4:03 AM PDT We are making progress on failovers for Multi AZ instances and restore access to them. This event is also impacting RDS instance creation times in a single Availability Zone. We continue to work towards the resolution.
5:06 AM PDT IO latency issues have recovered in one of the two impacted Availability Zones in US-EAST-1. We continue to make progress on restoring access and resolving IO latency issues for remaining affected RDS database instances.
6:29 AM PDT We continue to work on restoring access to the affected Multi AZ instances and resolving the IO latency issues impacting RDS instances in the single availability zone.
8:12 AM PDT Despite the continued effort from the team to resolve the issue we have not made any meaningful progress for the affected database instances since the last update. Create and Restore requests for RDS database instances are not succeeding in US-EAST-1 region.
10:35 AM PDT We are making progress on restoring access and IO latencies for affected RDS instances. We recommend that you do not attempt to recover using Reboot or Restore database instance APIs or try to create a new user snapshot for your RDS instance - currently those requests are not being processed.
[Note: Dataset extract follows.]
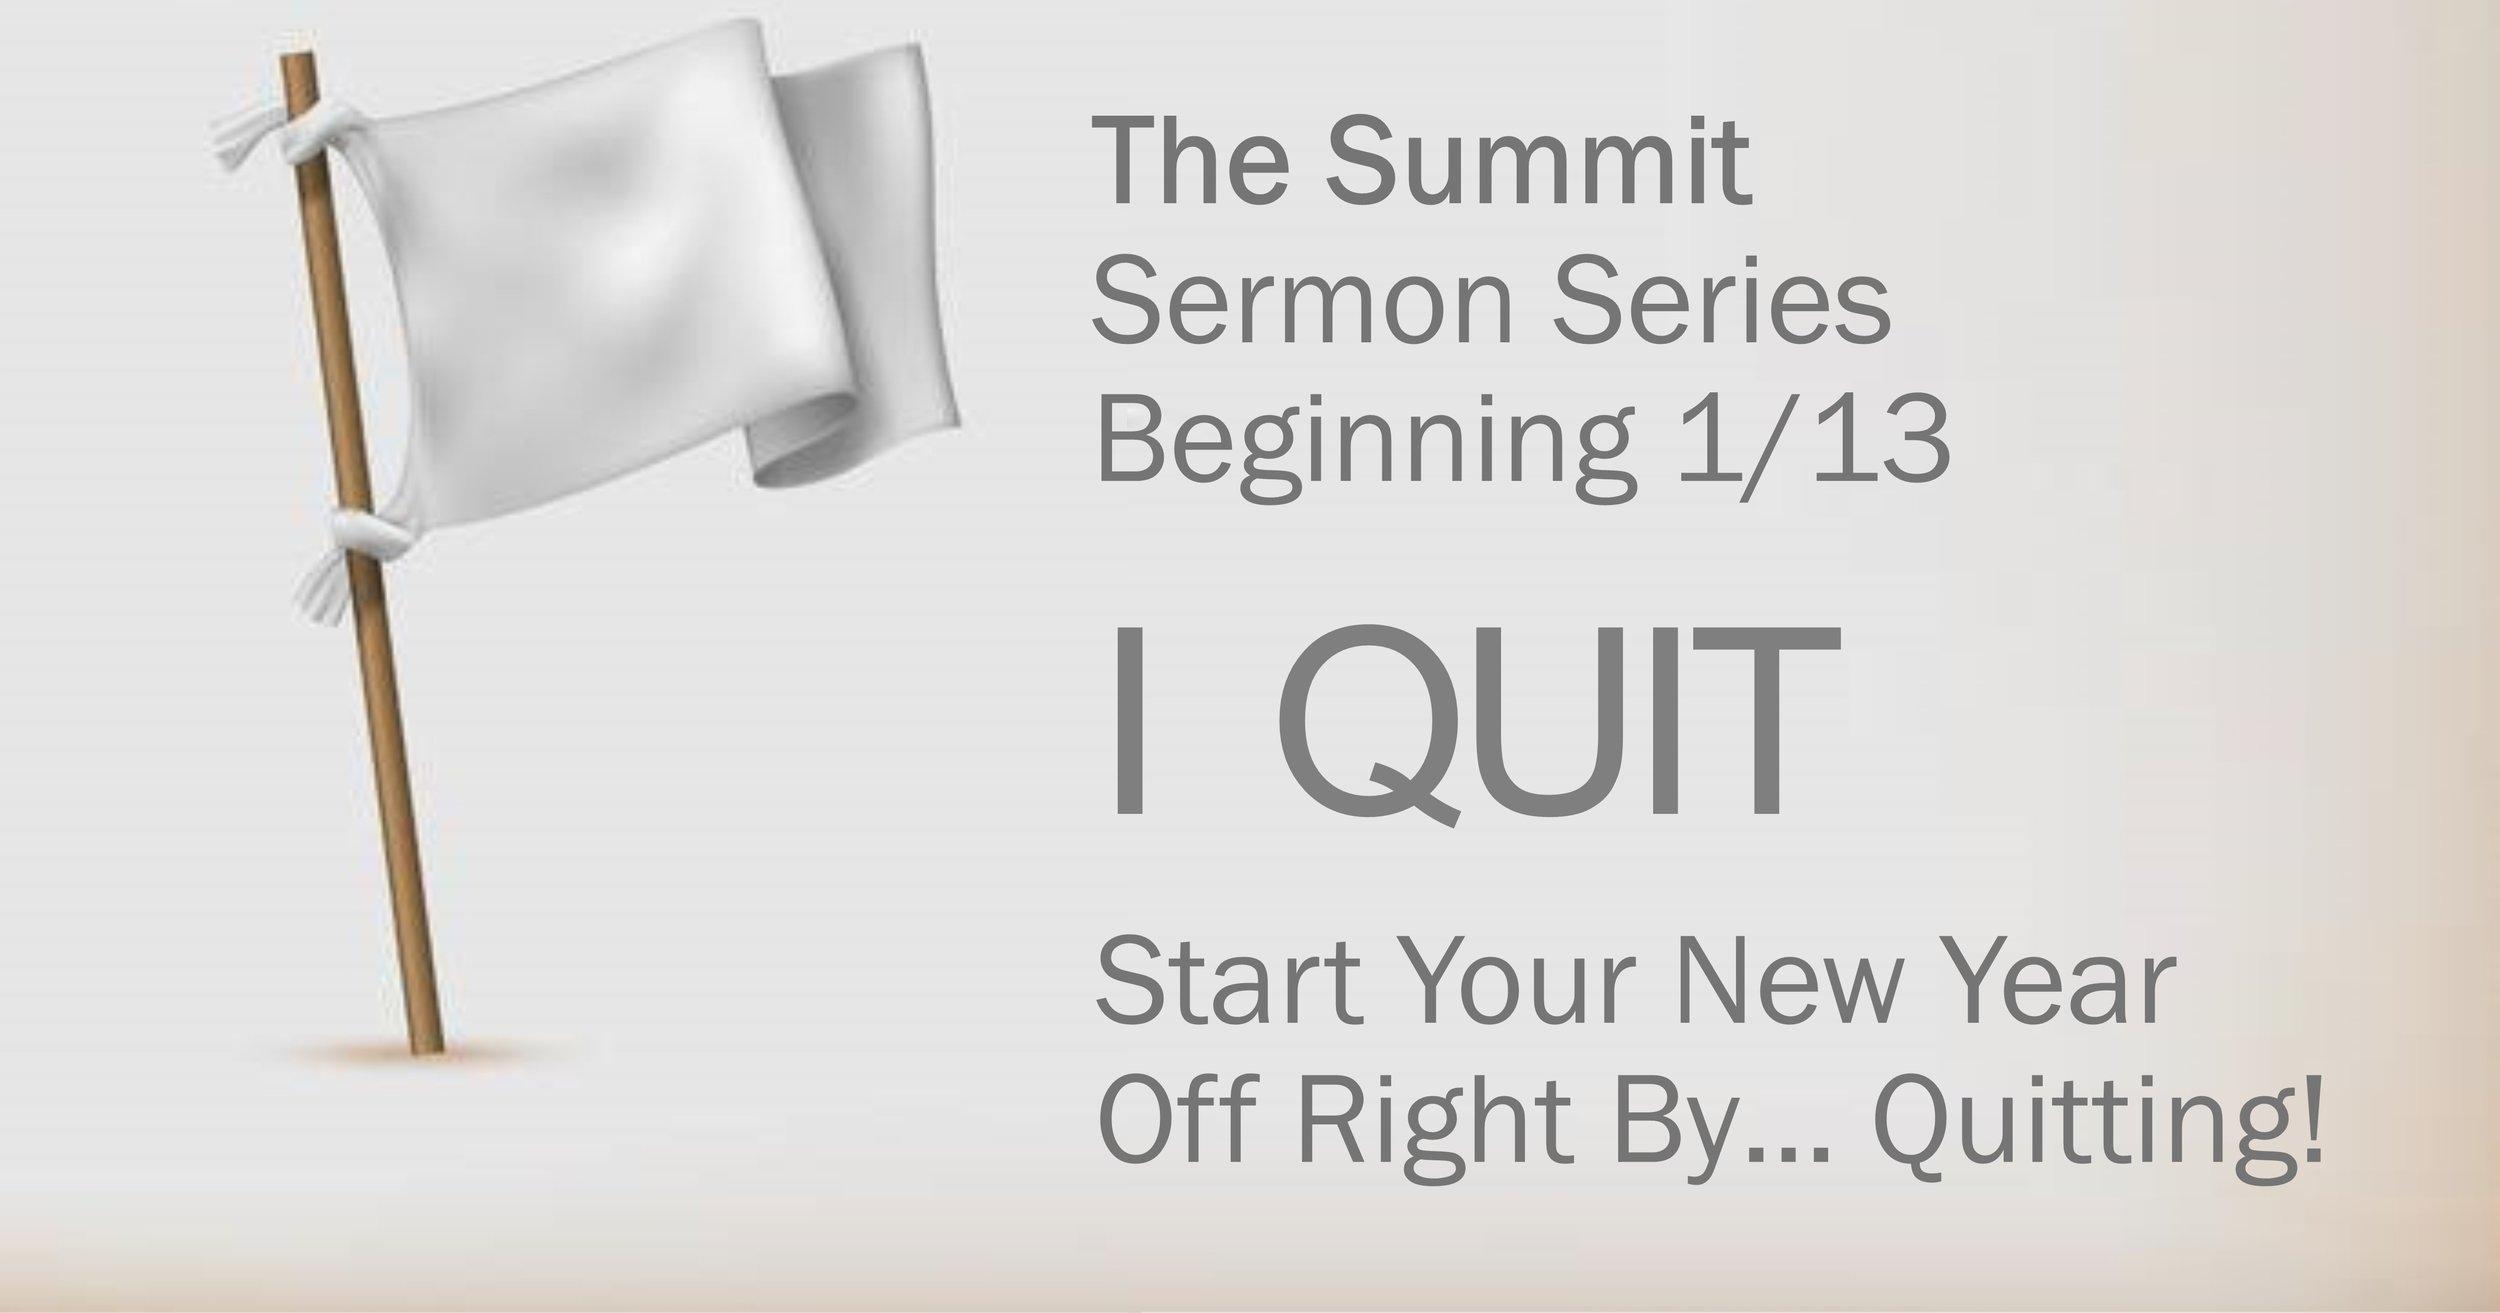 Summit I Quit Sermon Facebook Rev 120818.jpg

2:35 PM PDT We have restored access to the majority of RDS Multi AZ instances and continue to work on the remaining affected instances. A single Availability Zone in the US-EAST-1 region continues to experience problems for launching new RDS database instances. All other Availability Zones are operating normally. Customers with snapshots/backups of their instances in the affected Availability zone can restore them into another zone. We recommend that customers do not target a specific Availability Zone when creating or restoring new RDS database instances. We have updated our service to avoid placing any RDS instances in the impaired zone for untargeted requests.
11:42 PM PDT In line with the most recent Amazon EC2 update, we wanted to let you know that the team continues to be all-hands on deck working on the remaining database instances in the single affected Availability Zone. It's taking us longer than we anticipated. When we have an updated ETA or meaningful new update, we will make sure to post it here. But, we can assure you that the team is working this hard and will do so as long as it takes to get this resolved.